The next challenge of developing East Rohan was one that had been nagging at me for a while: can we really make such an enormous, (mostly) treeless plain without things getting visually boring? In the past, we’ve tried to include many different biomes in a small area (just look at Dunland and the Great River), but the lore of Rohan limits our palettes more than that. That meant getting much more creative with what we could work with, and finding different ways to interpret “grasslands.” Each Riding got its own personality, and different inspirations from the real world. The Wold became almost prairie-ish, all golds and rusts, fading down to green-yellow pastures in the Norcrofts, then growing dark, rich, and damp as it slopes, gently, to the fertile waterlands of the Sutcrofts. The Entwash Vale, meanwhile, is all grey-green downs and willowy marshes along the river’s edge, as Tolkien described the area in the book. Trees are scarce everywhere, except for a few isolated patches. Crumbling stone and meadows of wildflowers are what break up most of this part of the Mark, not forests – Fangorn excepted, of course.
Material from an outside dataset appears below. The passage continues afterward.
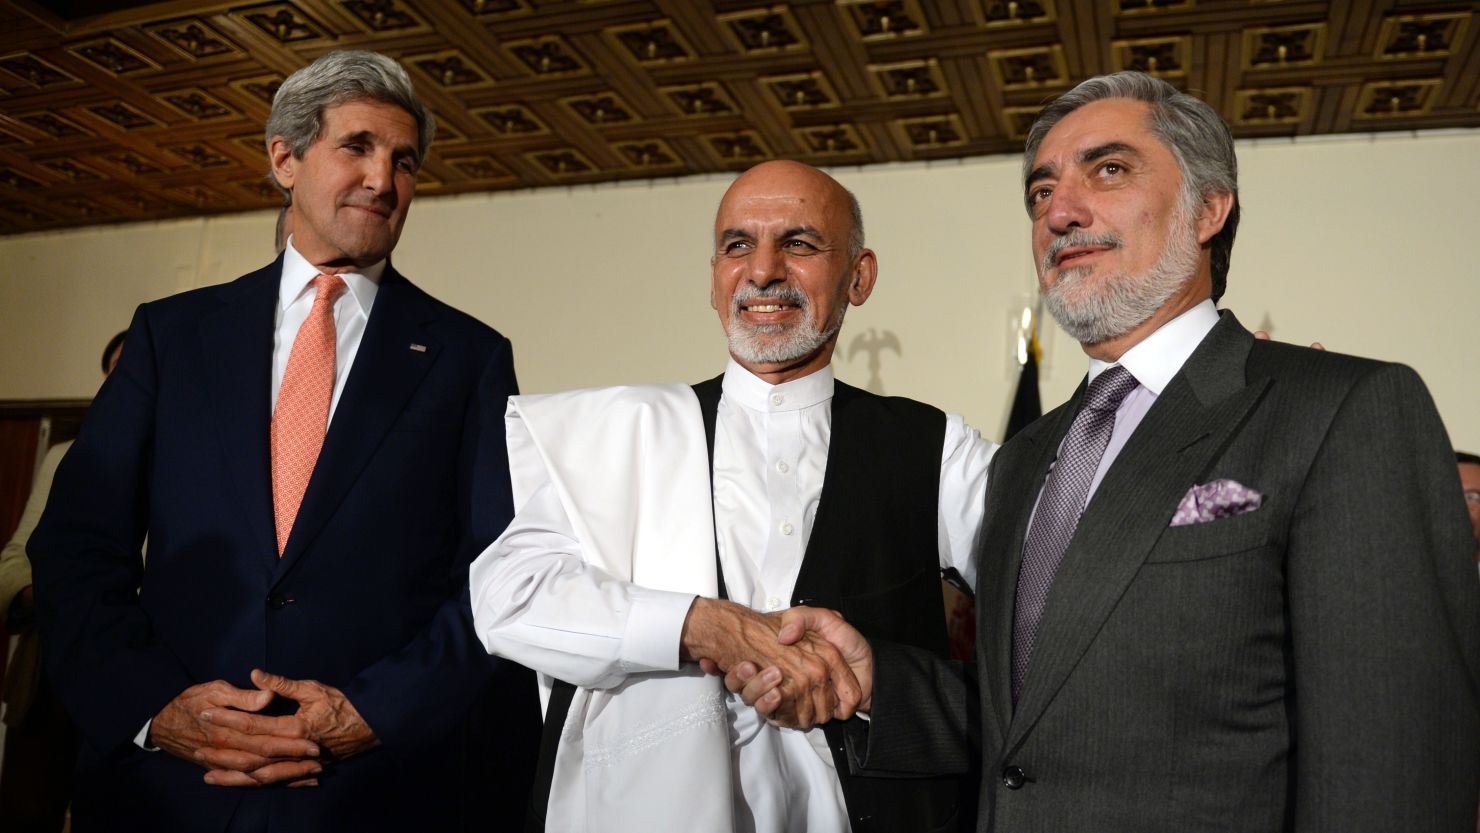 John Kerry appears with Afghan presidential candidates Ashraf Ghani, center, and Abdullah Abdullah last month in Kabul.

Giving the land of each Riding its own character also helped define the Riders who live there. The Men of the Wold, who live right on the hardscrabble edge of the Mark, are rough, crude, and self-sufficient, for instance. The Sutcrofters, dwelling in what is essentially the kingdom’s breadbasket, are more cultured and less warlike (for Rohirrim, anyway) -- civilized but complacent. They even built their chief village of Snowbourne amongst the ruins of an old Númenórean citadel – this was once the province of Calenardhon, after all, and traces of Gondor remain even now.

In the meantime, a facet of development we’ve never had to deal with before stems from the nature of Rohan itself: this is a huge, functioning kingdom with its own culture, rather than a crumbling remnant of some past civilization like most of Eriador, or a gang of warring tribes like Dunland. Tolkien depicts aspects of it vividly in the books, but there’s also a lot he doesn’t cover. Almost every man we meet in the books is a lord or warrior, for instance, and the only woman we encounter is, essentially, a princess. But how do the common folk live? What do they do for fun? What do Rohirrim eat? What are their laws, and how do they punish criminals? What heraldic symbols do they use, beyond the horse and sun we see in the books? What’s their artwork and music like? How do they tell stories when written language is limited to occasional runes? In what ways is their speech different from other cultures? What’s life like for women and children? Over the course of a couple weeks, I researched and compiled a, frankly, alarmingly large (and still growing!) guide to all things Rohirric, drawing from the cultures that inspired Tolkien – the Anglo-Saxons and the Goths. It’s a huge beast, and only a little of it will ever come to the forefront in the game, but every designer can use it as a foundation for the content he or she creates.

So that’s East Rohan: plenty of wide-open space for mounted combat. Heroic warriors fighting a hopeless battle against enemies on all sides (not just Isengard – Mordor and the Easterlings have beset the Horse-lords for a much longer time). Villages and fortresses put to the torch, good people scattered, their faith in their ailing king broken. And a desperate need for heroes, even people the Horse-lords have never trusted (or heard of) before.

And now, as the design team continues to refine and polish the east, it’s time for me to start looking across the Entwash. The Westemnet (and Fangorn!) isn’t going to build itself.